Poiché in prigione (parola antica, da minaccia ascoltata nell’infanzia: “Guarda che, se fai così, finisci in
prigione”...) è contingentato anche il tempo, oltre allo spazio, bisognava finire tutto entro le undici.
Perciò, le due semifinali e le due finali (tra le vincenti la prima, tra le perdenti la seconda) si sono
disputate sulla durata di due tempi di otto minuti ciascuna, e in coda è avanzato uno scampolo per un
incontro amichevole a formazioni miste.
Si è imposta la squadra due del Gandini, in vistosa pettorina gialla, che prima ha sconfitto il Pandini e
poi ha conteso il titolo alla compagine padrona di casa. La vittoria è giunta in virtù di una certa coriacea
disposizione a soffrire, perché in realtà le individualità migliori si son fatte notare dall’altra parte, specie
in un paio di interpreti di origine marocchina, tanto volitivi quanto puntigliosi nell’applicazione.
Molto di più, il cronista improvvisato non saprebbe dire, anche perché occhi e pensieri vagavano oltre il
mero dato statistico di goal e punteggi: troppo particolare il contesto del calcio in carcere, perché
l’attenzione si soffermasse sul calcio stesso.
C’era ben altro da guardare. Come la facilità quasi simbolica con cui i palloni si perdevano oltre il primo
muro di cinta, e talvolta anche oltre il secondo, in una sorta di insopprimibile anelito alla libertà.

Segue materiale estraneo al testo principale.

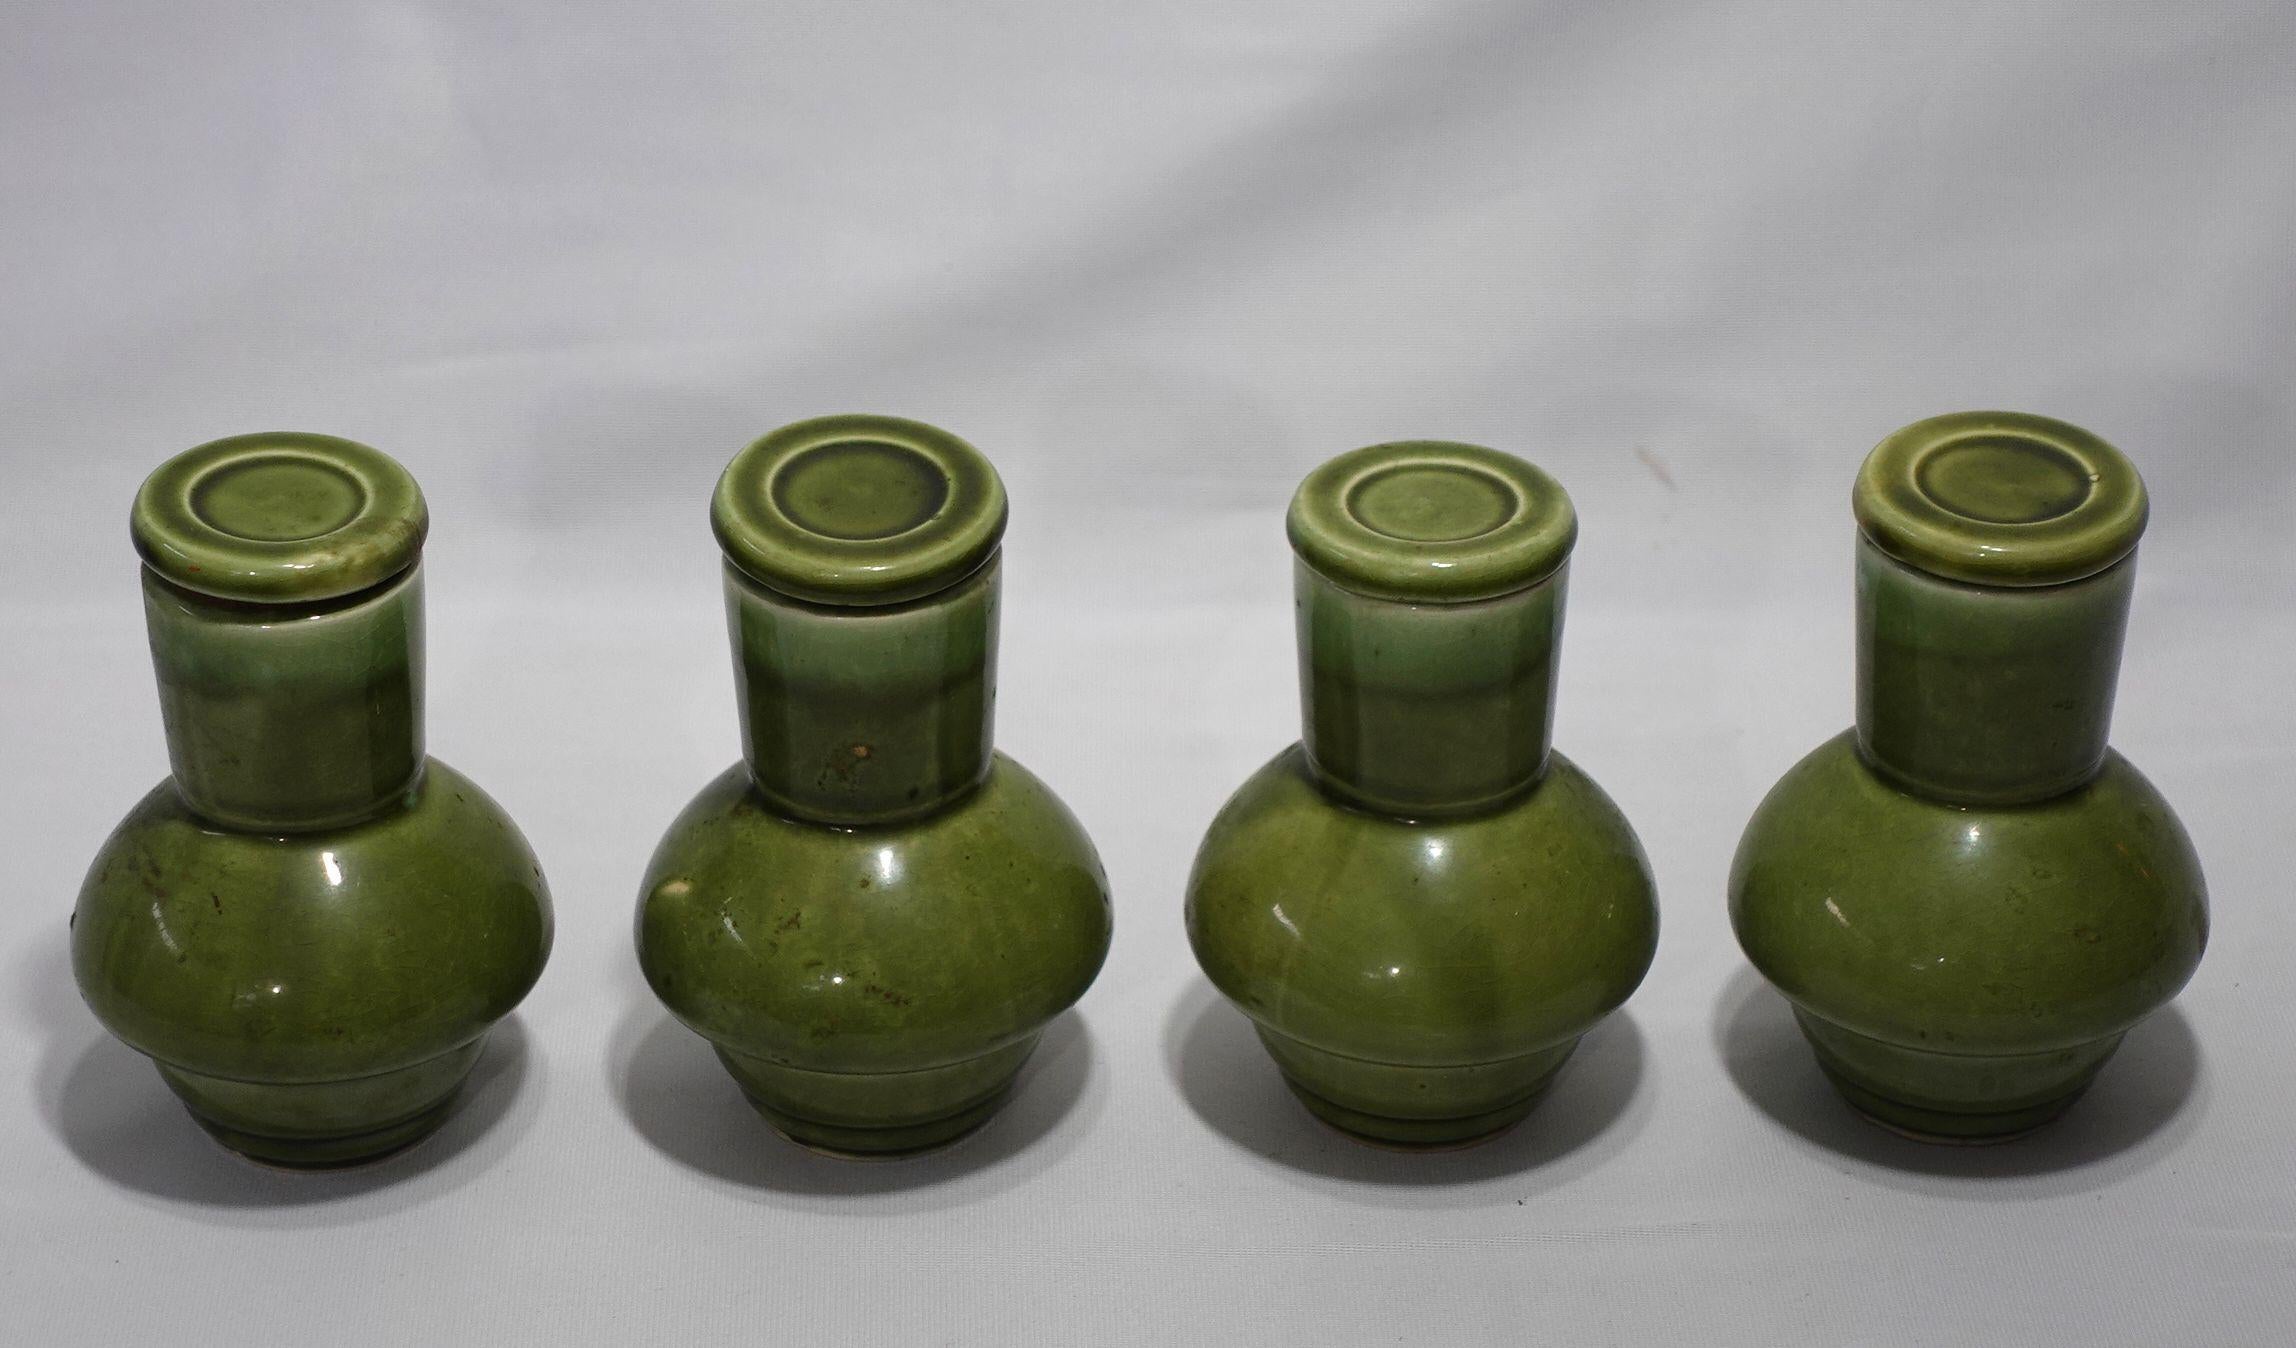 4 japanische NASCO-Porzellan-Sake-Flaschen, Mitte des 20. Jahrhunderts.
Grünes tropfglasiertes Porzellan mit Korkverschluss. Ein Teil des Korkens ist beschädigt. Label auf der Unterseite. Jede ist 5,5

Oppure, il contrasto fra le forme eleganti e nobili della cupola di San Cristoforo da una parte e l’edificio
del carcere, grigio, squadrato e cosparso di grate, dall’altra: se ne scorgevano perfino sul tetto, di
grate. A suggerire come l’ansia umanissima di evadere dalla coercizione potrebbe non escludere anche
le più strampalate e rischiose via fuga.
Non per caso, alla fine, mentre studenti e detenuti si salutavano rientrando dal campetto nelle viscere
stesse di quell’edificio, con un briciolo di amara concessione alla retorica i secondi dicevano ai primi:
“Buona libertà”.
Augurio che, se voleva essere straziante, ci è riuscito.
Non senza innescare l’ultimo e forse più disagevole pensiero della mattinata. Ai carcerati che si
congedavano con quelle parole tanto cariche di invidia e rimpianto, sarebbe stato infatti onesto
rispondere: “Sapeste come siamo per lo più inconsapevoli della nostra buona sorte; che scempio e che
scialo facciamo, là fuori, della nostra libertà; come siamo colpevolmente insoddisfatti, o infelici, o peggio - annoiati di quel privilegio!”.
Ma, per fortuna o per buon senso, a chi sperimenta magari per anni la costrizione dentro un carcere
reale, fatto di muri, chiavistelli e regole, nessuno di noi liberi ha osato ricordare la stupidità delle carceri
interiori in cui sappiamo tanto spesso e tanto scelleratamente rinchiuderci.